Francis i haszysz z cyklu Sierotki

<i>Francis i haszysz</i> z cyklu <i>Sierotki</i>

stal, brąz, farba olejna, drewno; wym. 305 x 100 x 100 cm

Francis i haszysz Olafa Brzeskiego to wykonana ze stali i brązu rzeźba na drewnianym postumencie, która w swoim kształcie nawiązuje do studium z modela ludzkiego. Zestawione ze sobą elementy pracy tworzą zarys przypominający rachityczną postać mężczyzny.
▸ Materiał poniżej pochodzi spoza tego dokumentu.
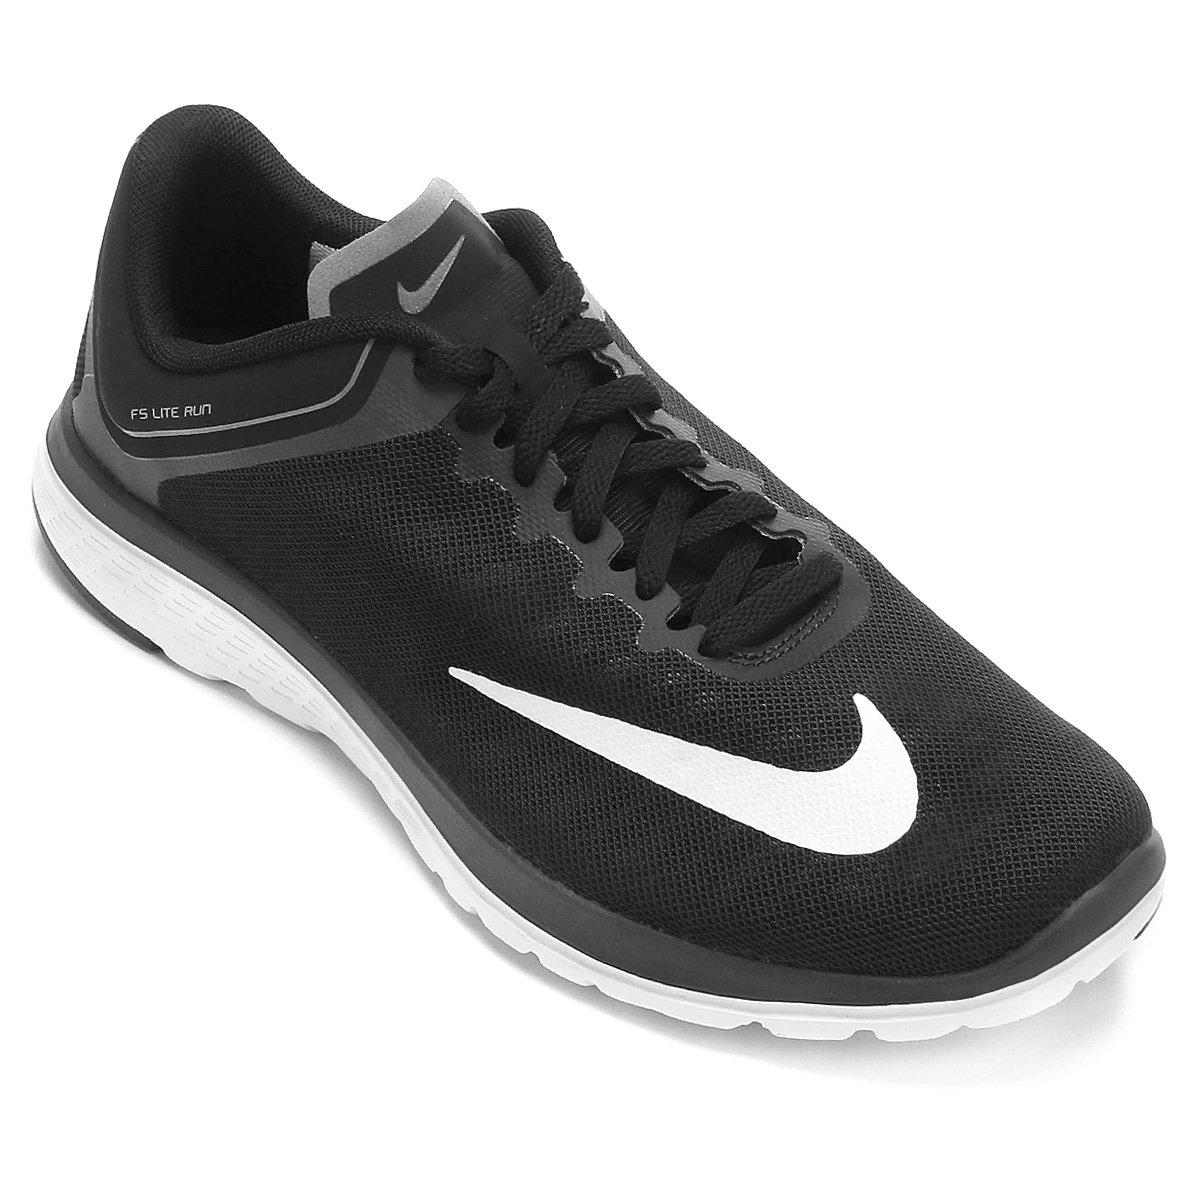 d8a468fb6d4 Tênis Nike Fs Lite Run 4 Masculino - Compre Agora

Do powstania dzieła przyczynił się przyjaciel Brzeskiego, Francis Thorburn, który pozując rzeźbiarzowi palił haszysz.

Opis pracy ze strony Galerii Raster: Modelem do ponadnaturalnej wielkości, klasycznego w kompozycji męskiego aktu był przyjaciel Brzeskiego, brytyjski artysta Francis Thorburn. Pozując w studio artysty Francis pali haszysz, a rzeźbiarz tworzy jego eteryczny, pozbawiony masy portret z cienkich stalowych rurek imitujących słomę. Ta rzeźba to bardziej halucynacja niż cielesne studium, rysunek w przestrzeni upleciony z wiązki zwiewnych, suchych traw, odurzona zjawa w kształcie ludzkiej sylwetki z głową rozpływającą się w amorficznej chmurze dymu.
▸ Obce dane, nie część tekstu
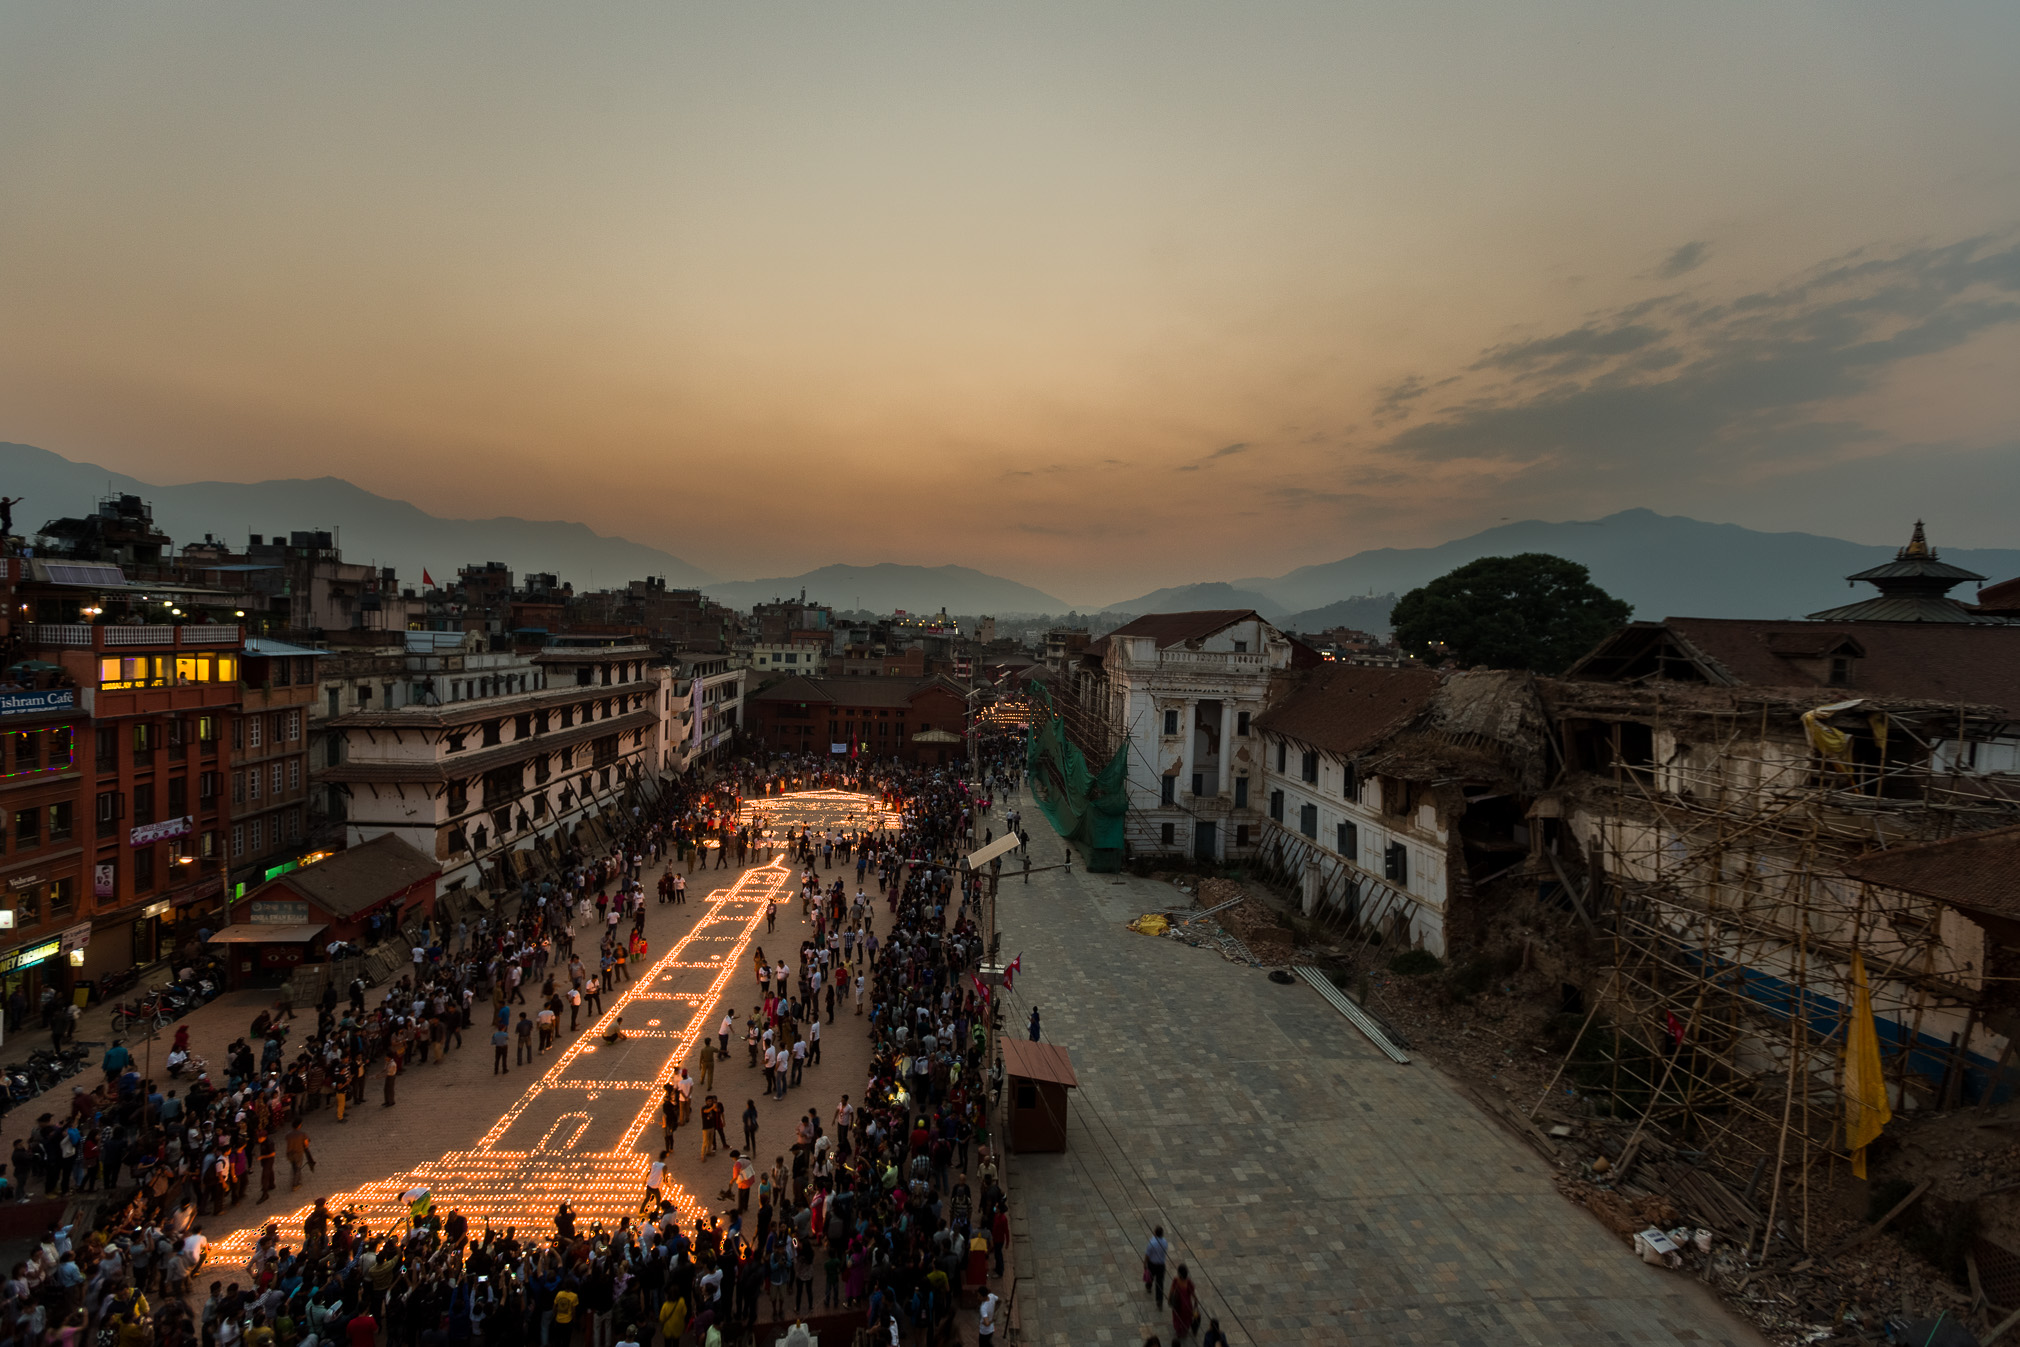 160424-184526-Nepal-Gavin-Gough-4-HDR.jpg

Fragment opisu pracy Stacha Szabłowskiego: Olaf Brzeski podejmuje klasyczny rzeźbiarski temat: studium z modela, którego owocem jest pełnopostaciowy portret.
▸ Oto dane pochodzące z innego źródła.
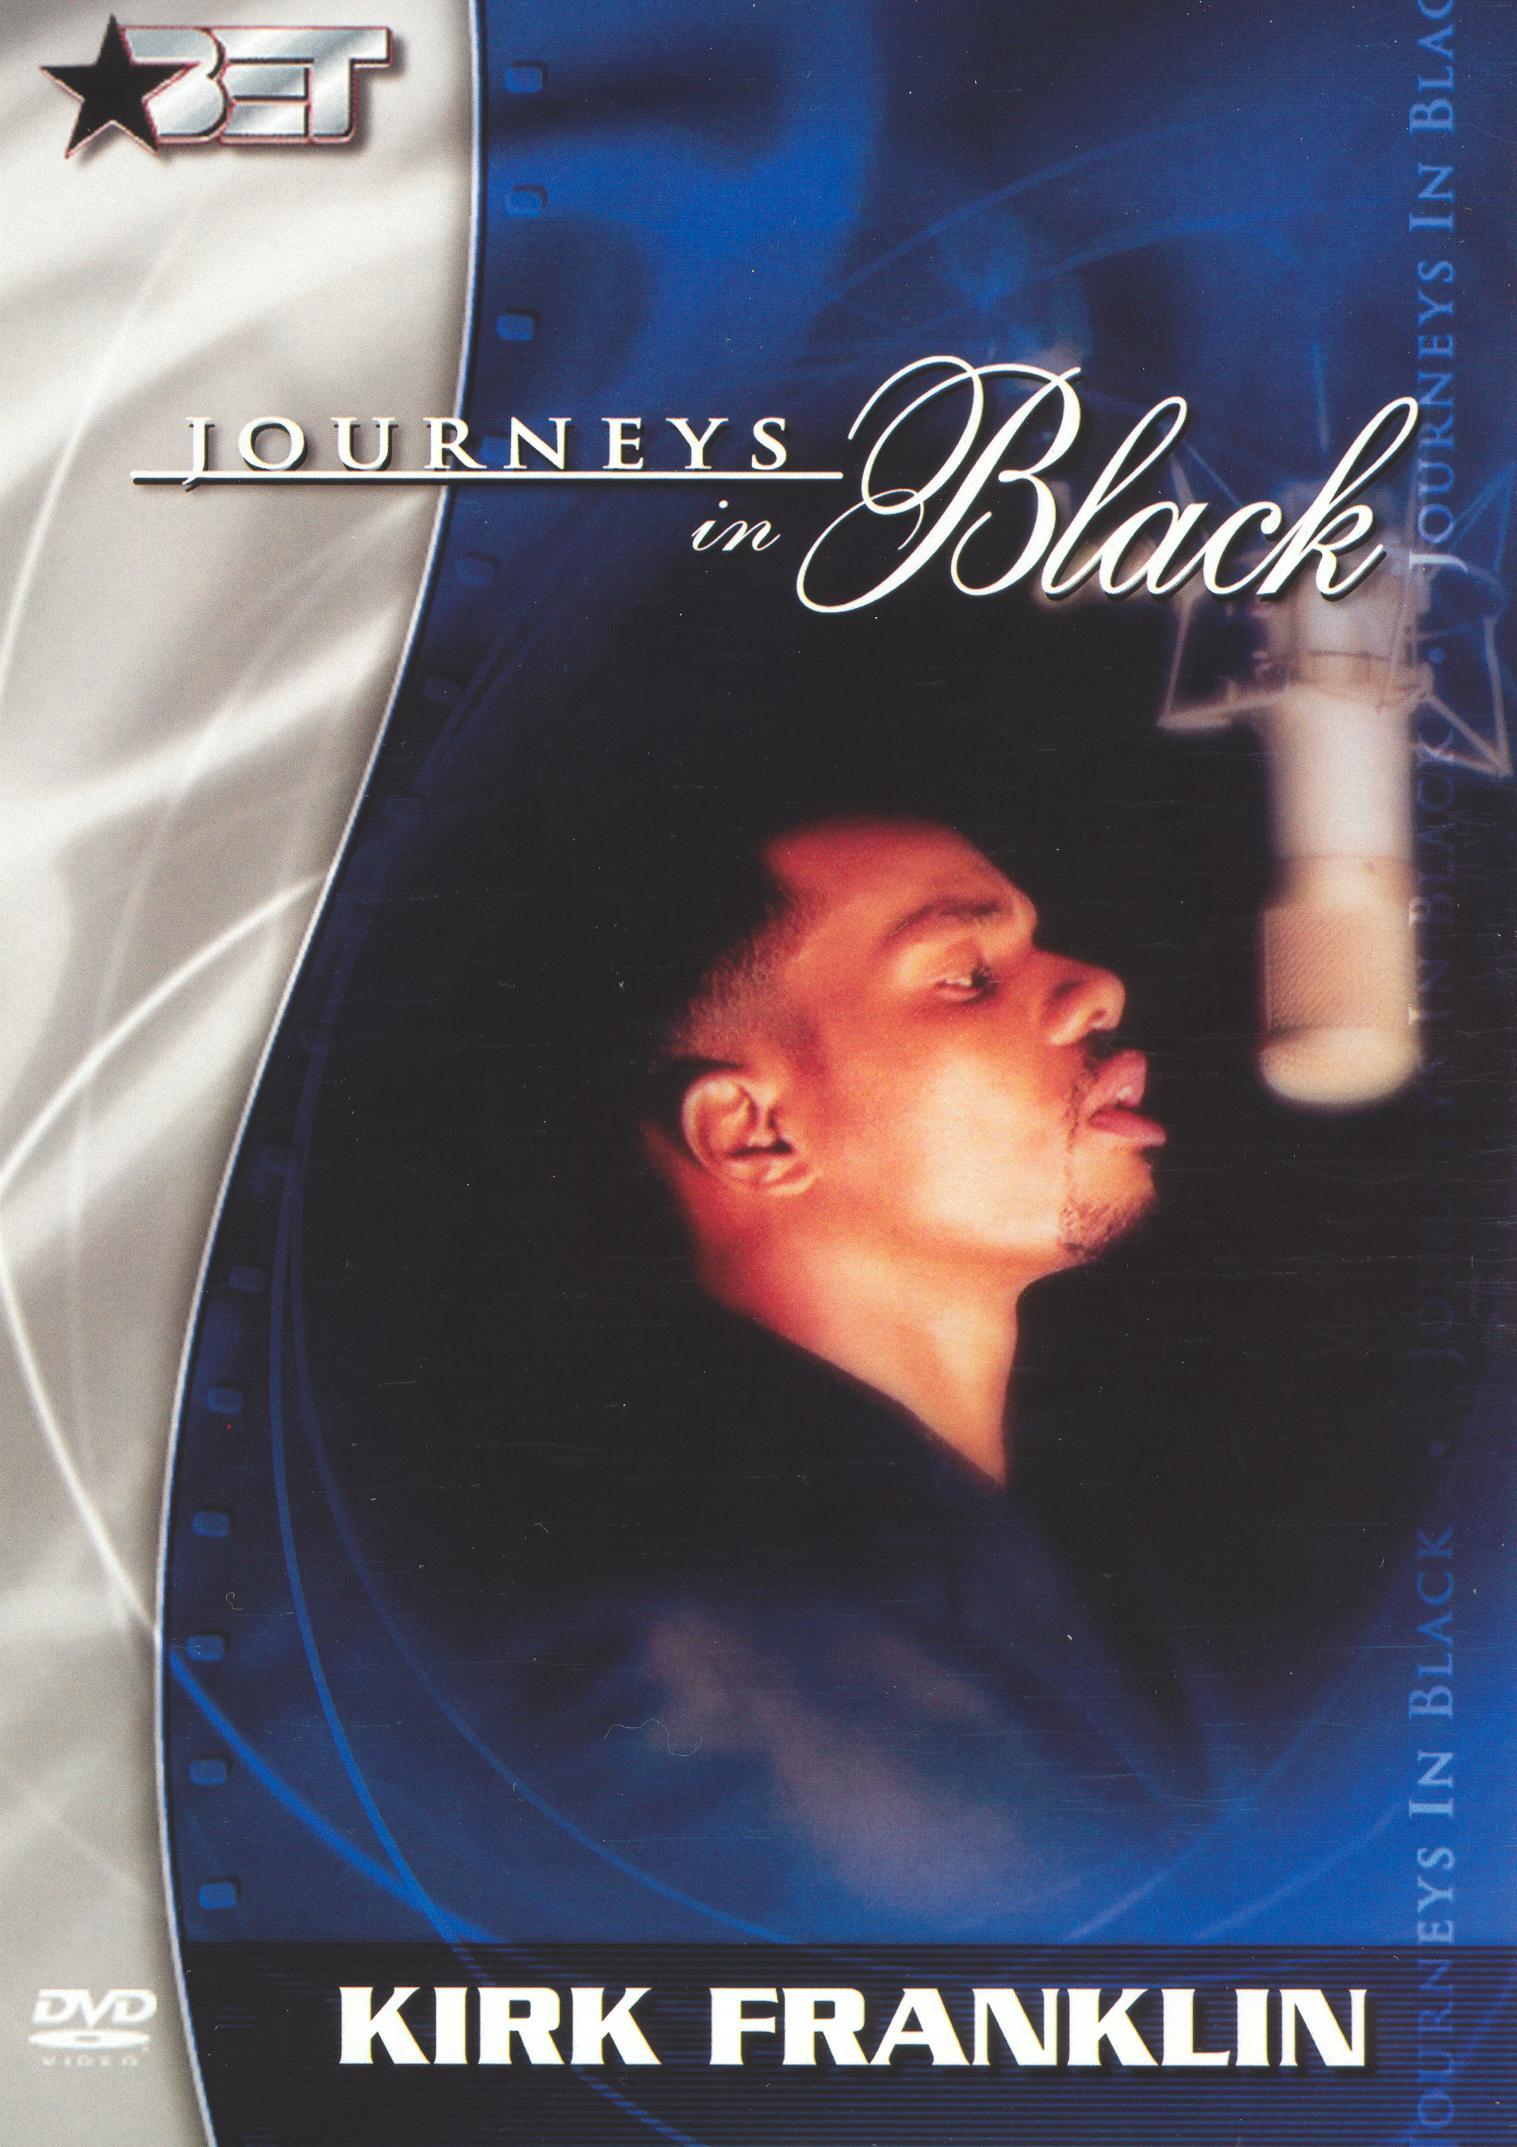 Journeys in Black: Kirk Franklin

Punktem wyjścia pracy Brzeskiego jest więc tradycyjna sytuacja artystyczna, której parametry wyznacza czasoprzestrzeń pracowni, postać rzeźbiarza, osoba modela i relacja między nimi – relacja, która ma zostać potwierdzona dziełem sztuki.    

Interpretacja Iwa Zmyślonego: Takich zabaw z materią jest u Brzeskiego więcej. Na przykład „Francis i haszysz” – świetne, abstrakcyjne studium modela. Na pierwszy rzut oka to słoma i kłosy – pożółkłe, wyschnięte na słońcu i zebrane w polu, sklecone jakimś cudem w rachityczną całość. Najmniejszy ruch powietrza mógłby je połamać, więc staram się stąpać ostrożnie. I znowu – z bliska kruche badyle okazują się solidną, przemyślaną konstrukcją ze stalowych prętów, rzeźbiarsko przemienionych we własne przeciwieństwo.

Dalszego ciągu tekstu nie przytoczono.